Call apply_migrations
function
Import migrations in
mephisto/abstractions/databases/local_database.py
:...
from .migrations import migrations
...Apply migrations in
LocalMephistoDB
:class LocalMephistoDB(MephistoDB):
...
def init_tables(self) -> None:
with self.table_access_condition:
conn = self.get_connection()
conn.execute("PRAGMA foreign_keys = on;")
with conn:
c = conn.cursor()
c.execute(tables.CREATE_IF_NOT_EXISTS_PROJECTS_TABLE)
...
apply_migrations(self, migrations)
...
with conn:
c.executescript(tables.CREATE_IF_NOT_EXISTS_CORE_INDICES)
...
Maintenance of related code
Making changes in databases must be carefully thought through and tested.
This is a list of places that will most likely need to be synced with your DB change:
- All queries (involving tables that you have updated) in database class, e.g.
LocalMephistoDB
- Module with common database queries
mephisto/utils/db.py
- Queries in Review App (
mephisto/review_app/server
) - it has its own set of specific queries - Names/relationships for tables and columns in DBDataPorter (they're hardcoded in many places there),
within Mephisto DB and provider-specific databases.
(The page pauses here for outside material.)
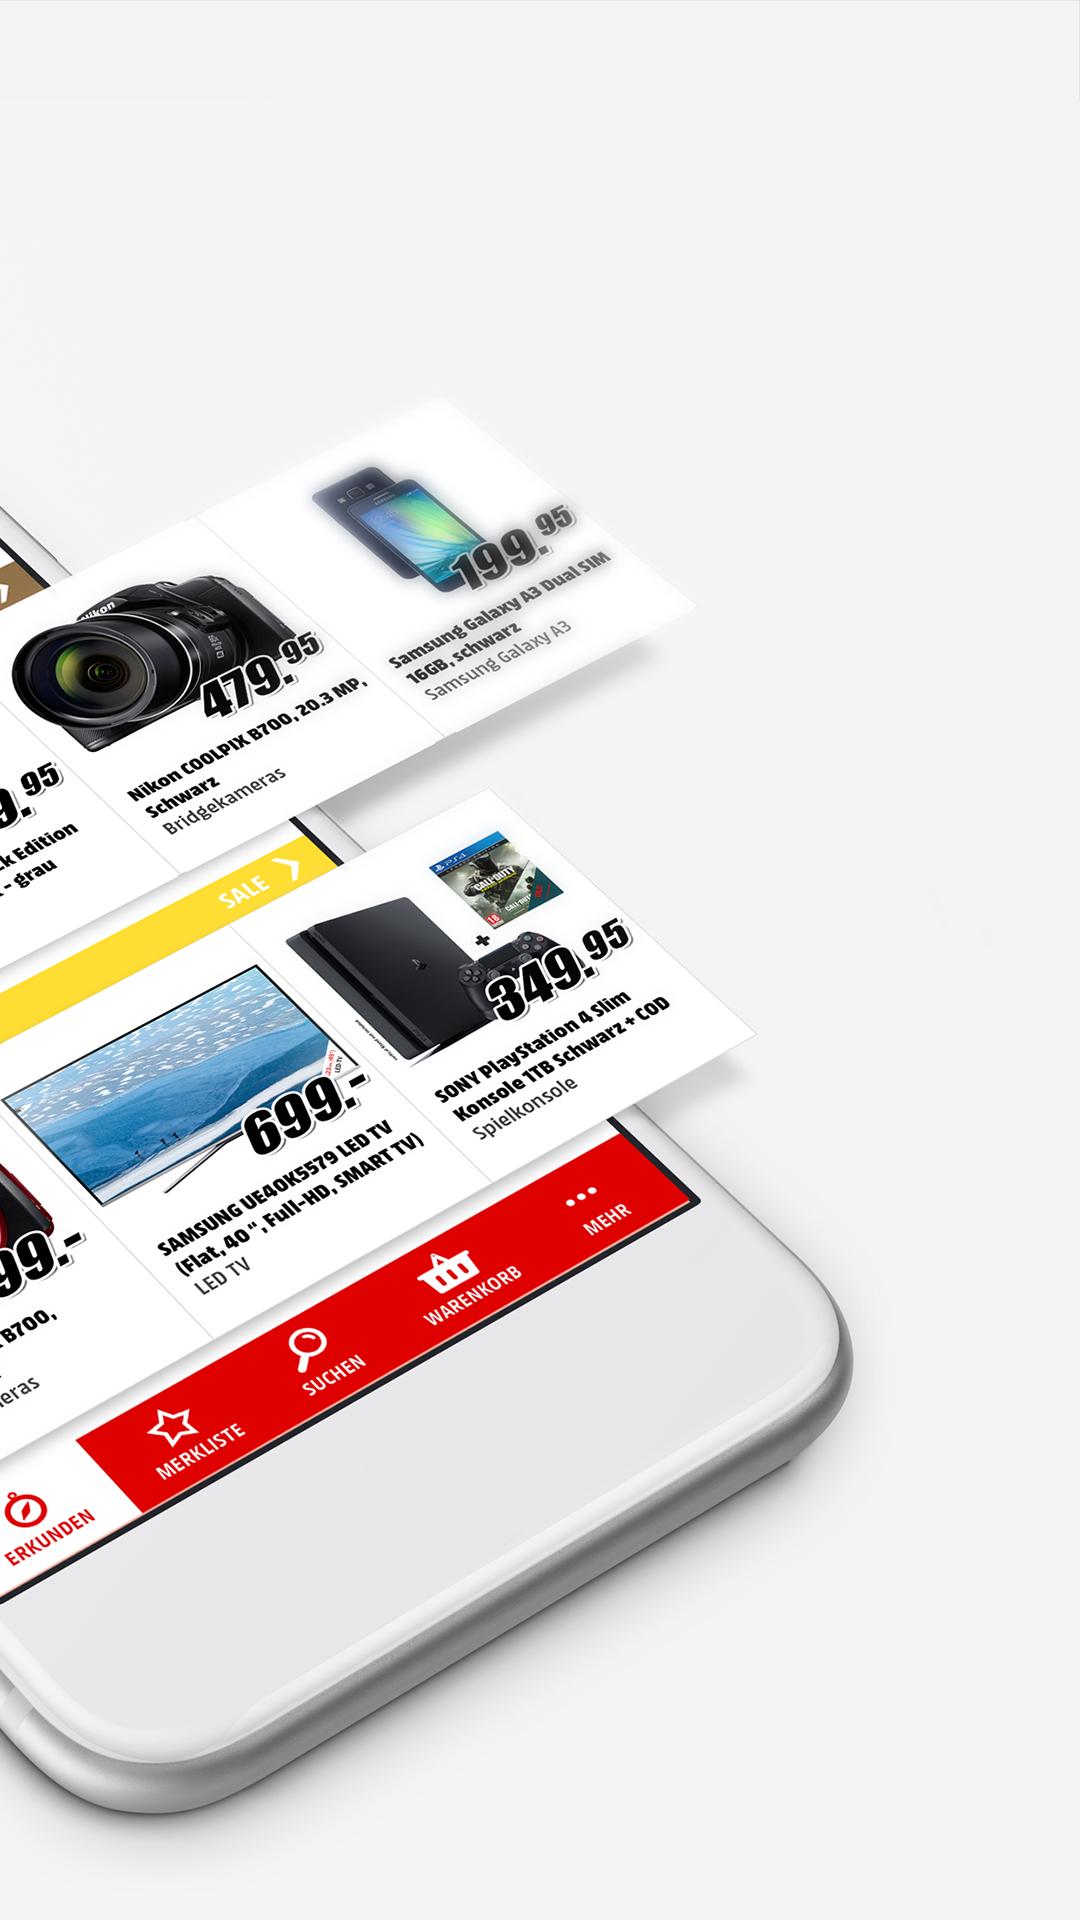 Media Markt Schweiz for Android - APK Download

For instance:
mephisto/tools/db_data_porter/constants.py
mephisto/tools/db_data_porter/import_dump.py
- ...
- Data processing within Mephisto itself (obviously)
While we did our best to abstract away particular tables and fields structure, they still have to be spelled out in some places. Please run tests and check manually all Mephisto applications after performing database changes.